▸ **Exercise prompt**:
All lines from the one containing "city-cars-vehicles-street (1)" through the last line of the listing should be given again exactly, with no pictures.

▸ **Information supplied**:
_____
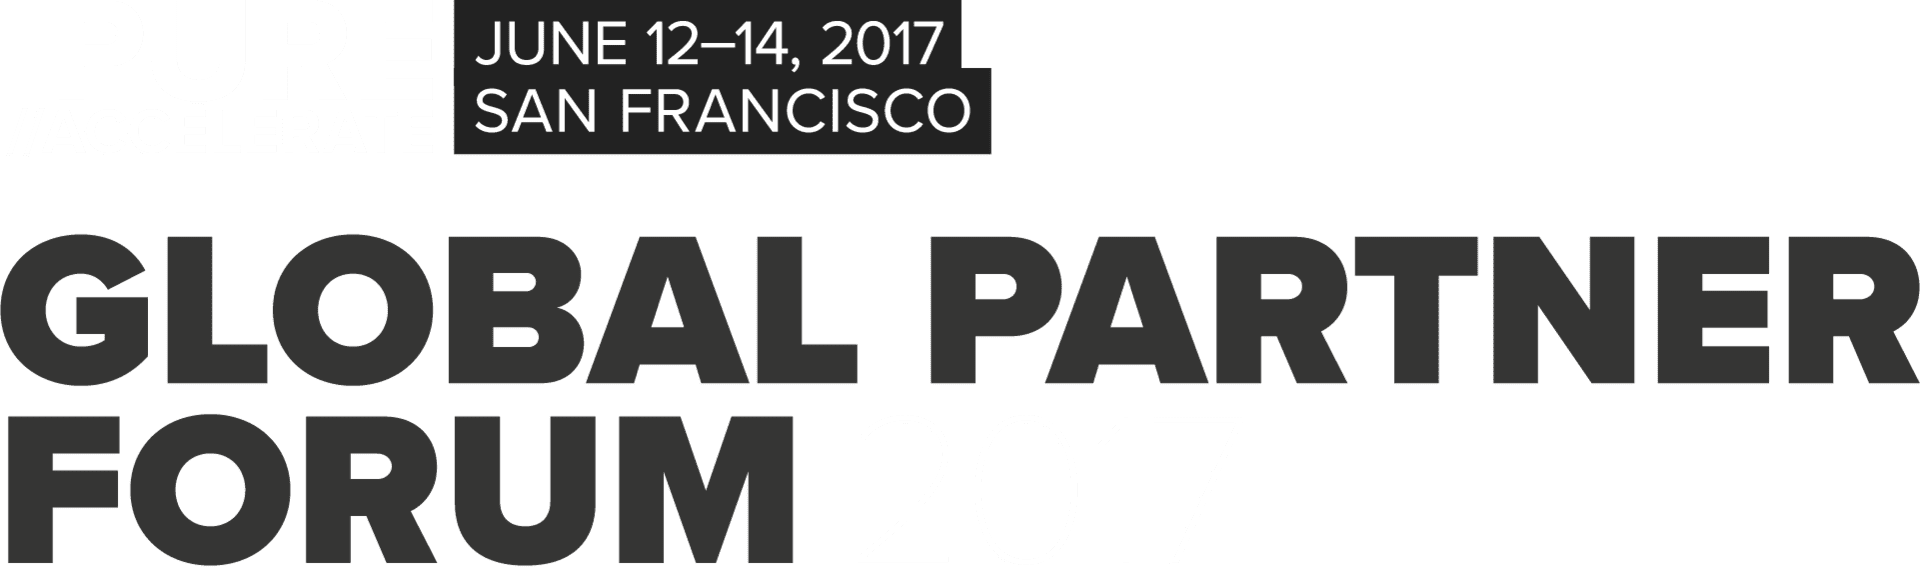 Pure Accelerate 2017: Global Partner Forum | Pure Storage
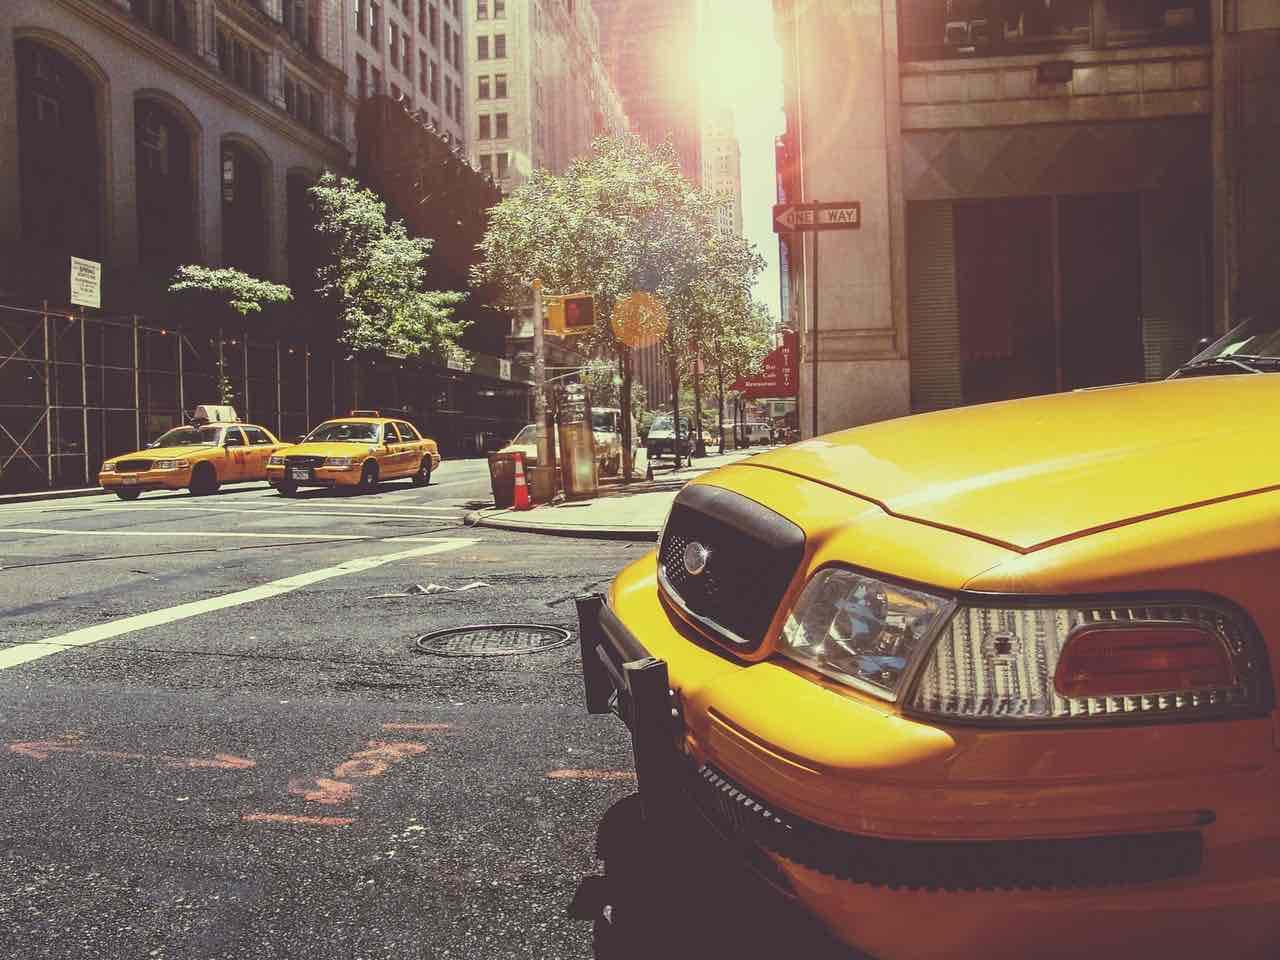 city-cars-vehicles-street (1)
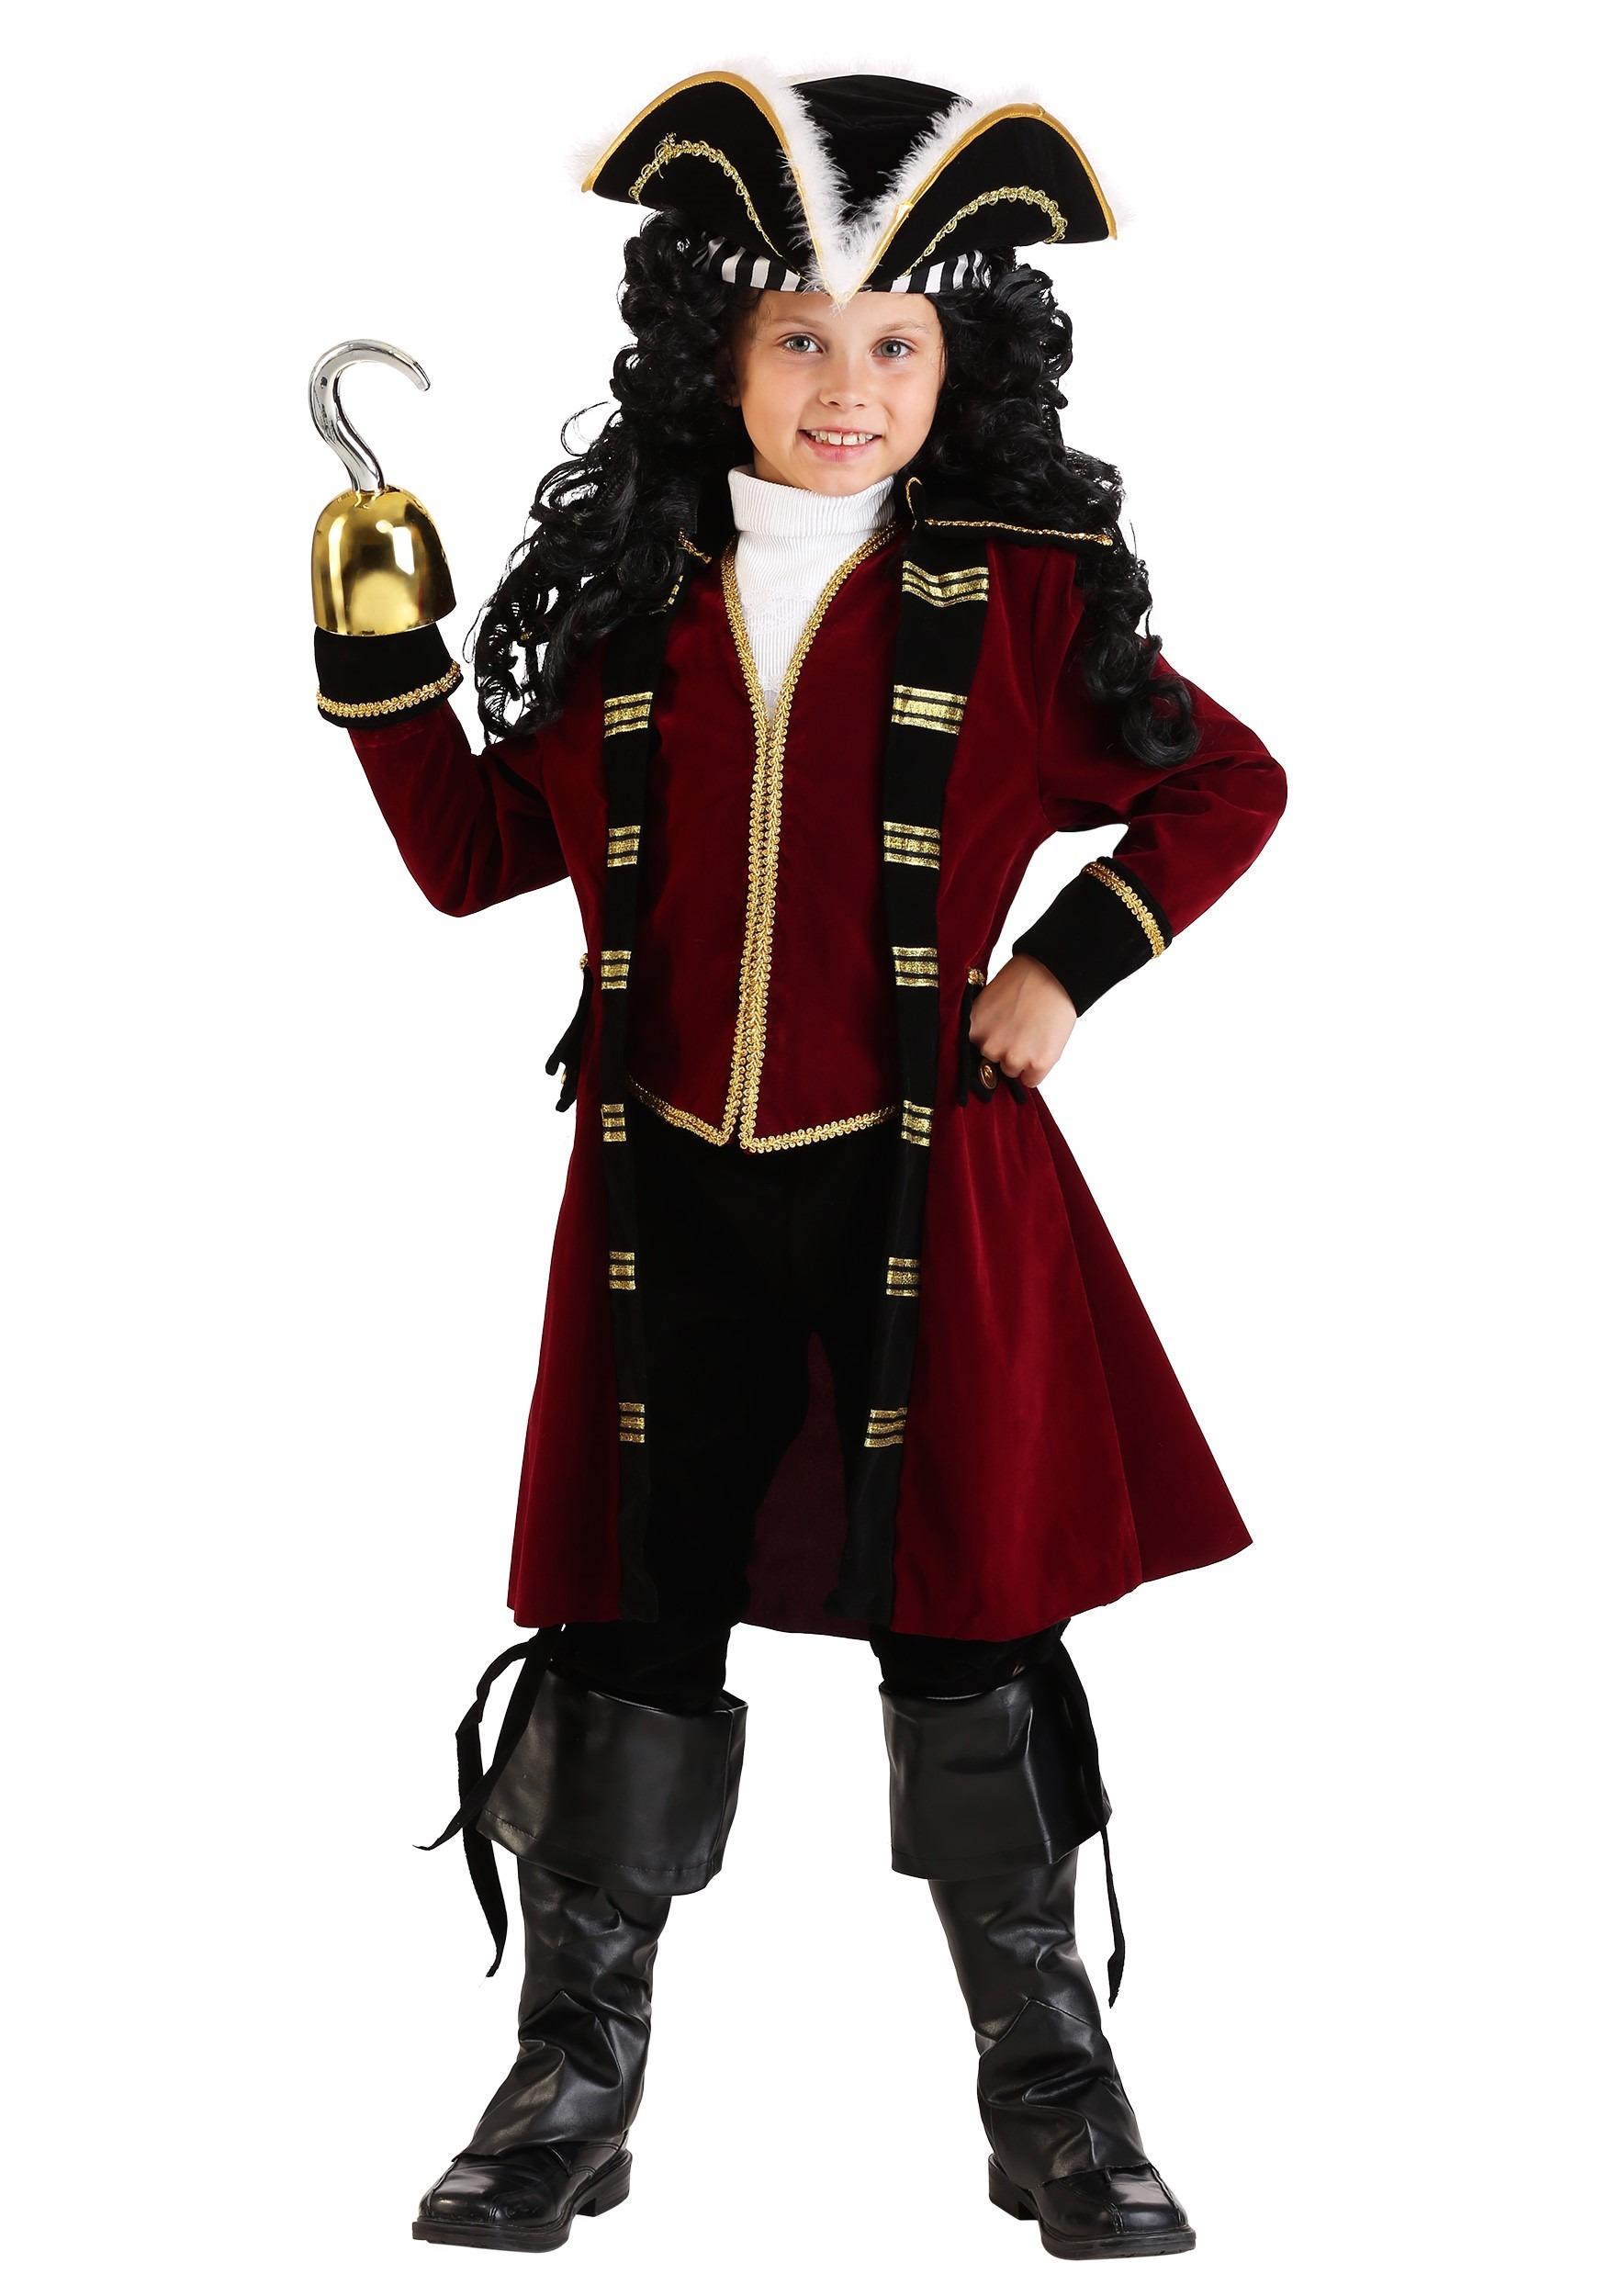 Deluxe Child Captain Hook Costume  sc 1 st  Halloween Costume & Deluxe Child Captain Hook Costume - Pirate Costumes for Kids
_____
▸ **Task response**:
 city-cars-vehicles-street (1)
 Deluxe Child Captain Hook Costume  sc 1 st  Halloween Costume & Deluxe Child Captain Hook Costume - Pirate Costumes for Kids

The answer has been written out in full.